DOWNTIME_2D_SMALL-600x851Reeltime Pictures, out now

1995 – and the Brigadier, Sarah and Victoria Waterfield encounter the Great Intelligence once more…

For those who didn’t live through those turbulent years, this was the second of the Great Doctor Who movies that were released in the period between the end of the classic series and the Paul McGann TV Movie. Terrance Dicks’ Shakedown – featuring the Sontarans and the Rutans – had been produced for and shown at the DreamWatch convention in 1994, with Sophie Aldred, Carole Ann Ford and Michael Wisher amongst its cast. Downtime went one better in terms of continuity, bringing back Nicholas Courtney, Elisabeth Sladen, Deborah Watling and her father Jack Watling in the roles they’d made famous on screen, with K9 voice actor John Leeson and former Master Geoffrey Beevers also guest starring. The script was by Ghost Light’s Marc Platt, and the director was Who veteran Christopher Barry.

Now, 20 years after its VHS release, it’s available to watch on DVD. There have been murmurings of extra footage featuring Sylvester McCoy to be inserted, and other threats to its release, but here it is in all its original glory. And it’s a lot more fun – and more coherent – than I remember from the time. Lis Sladen isn’t in it as much as you might hope, but this is a Sarah Jane that fits nicely between K9 and Company and School Reunion (or her first Big Finish audio series if you want to be really picky). Nick Courtney picks up the Brigadier without a problem (and bear in mind, in continuity terms, this is before Battlefield on most reckonings), as effective in his “get off my world” speech as he is in more emotional scenes. Debbie Watling isn’t best served by the middle portion of the script – she’s much better in the opening and closing sequences, and in her “Scottish Widows” bits haunting the Brigadier’s dreams – but it’s lovely to see her once more working with her father Jack. Beevers makes a credible character of his serving man who’s falling on hard times, and Beverley Cressman is good as Kate Lethbridge-Stewart, the character Jemma Redgrave would go on to canonise on the TV show over 15 years later.

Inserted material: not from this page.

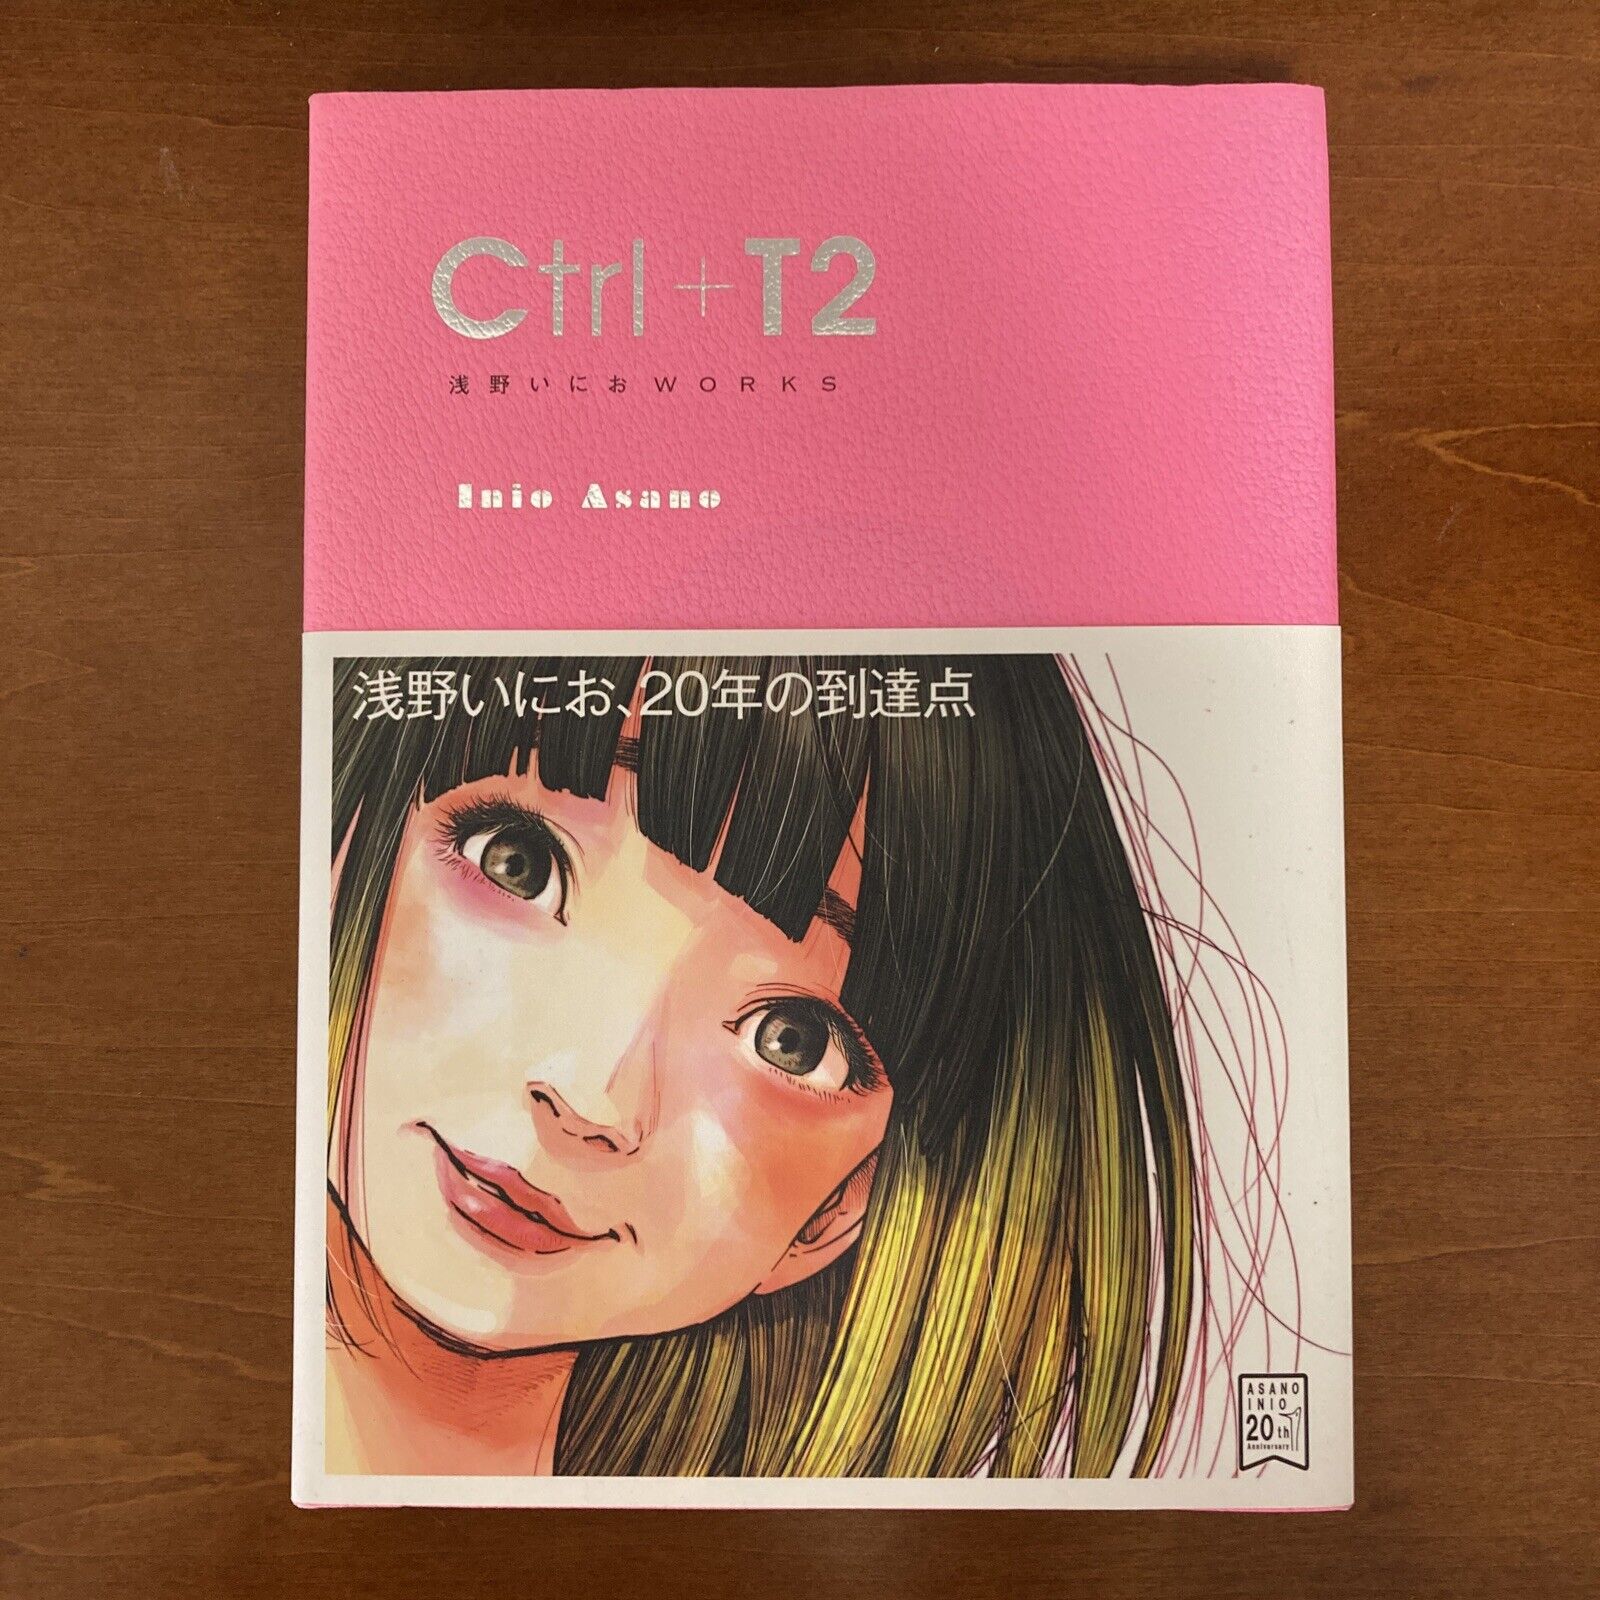 Ctrl+T2 Inio Asano Art Works 20th Anniversary Art Book Illustration

The production veers between the extremely competent and the… er… less so. Barry has some ambitious plans for Platt’s equally ambitious screenplay, and a large part of it comes off, thanks to a number of professionals behind the cameras. There are a few weak links on the acting front – wasn’t Peter Miles available to play Christopher?! – and some of the “fight” sequences don’t really succeed. The effects are what you’d expect from the period!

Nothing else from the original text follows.